Are you working on anything that you would like to share with our Frolic readers about?
Thank you so much for asking! I am working on a few idea in various genres but I am superstitious about jinxing potential projects, so I cannot share more details yet. I have been working on webinar curricula for readers and writers as part of the Las Musas collective of Latina children’s book authors. At the end of March when we all went into COVID lockdown, we were mourning the loss of our book events and festivals. We came up with the idea of the webinars to create opportunities to connect with readers and other writers. The webinars are free and include too many topics to list here, but some examples include book journey discussions, how to get an agent, how to diversify your library as well as interviews with other authors such as Zoraida Cordova and I.W. Gregorio. You can watched archived webinars if you are unable to join a live session, though the benefit of joining live is that you can participate in the Q&A. Check out the upcoming webinar offerings at LasMusasBooks.com!
About the Author:
Ismée Williams is a doctor, researcher, wife, mother and writer! She lives in New York City with her husband and three daughters. She loves to read, travel, cook and play with her kids and dog, Rowan, who is commonly mistaken for a muppet.

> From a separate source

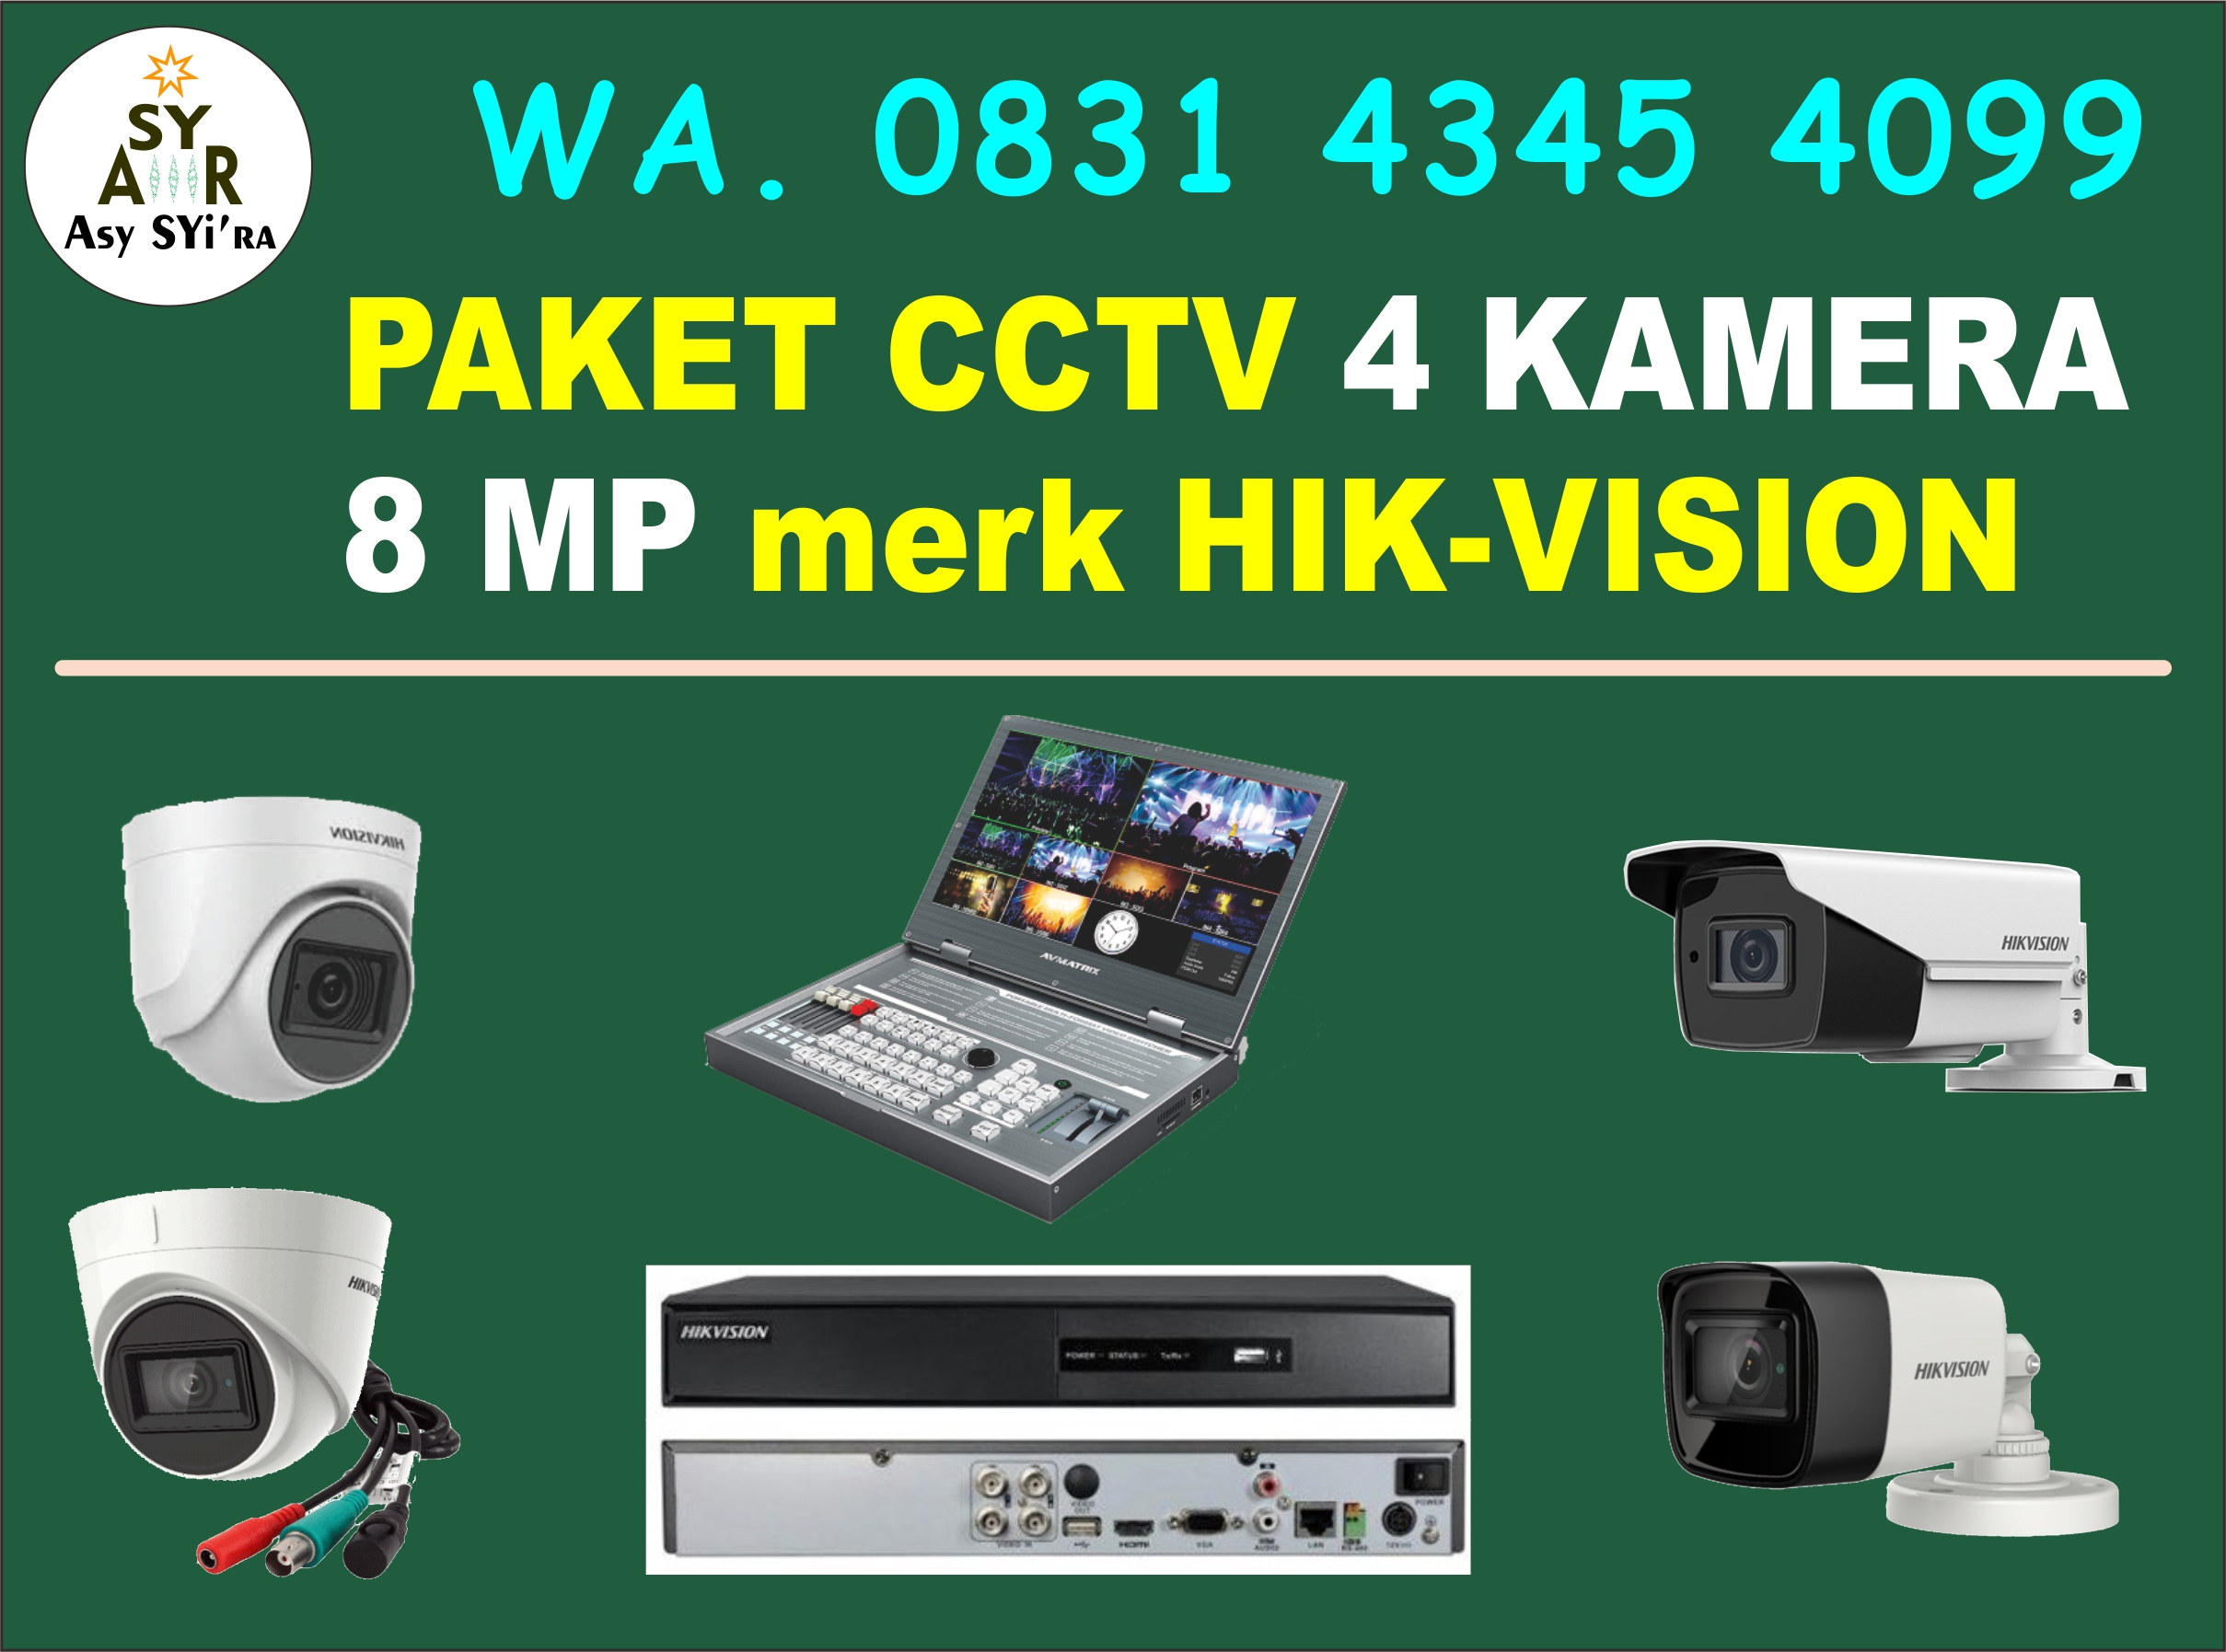 PAKET CCTV 4 KAMERA 8 MEGAPIXEL Hikvision

This Train is Being Held by Ismée Williams, out now!
Alex is a baseball player. A great one. His papi is pushing him to go pro, but Alex maybe wants to be a poet. Not that Papi would understand or allow that.
Isa is a dancer. She’d love to go pro, if only her Havana-born mom weren’t dead set against it…just like she’s dead set against her daughter falling for a Latino. And Isa’s privileged private-school life—with her dad losing his job and her older brother struggling with mental illness—is falling apart. Not that she’d ever tell that to Alex.
Fate—and the New York City subway—bring Alex and Isa together. Is it enough to keep them together when they need each other most?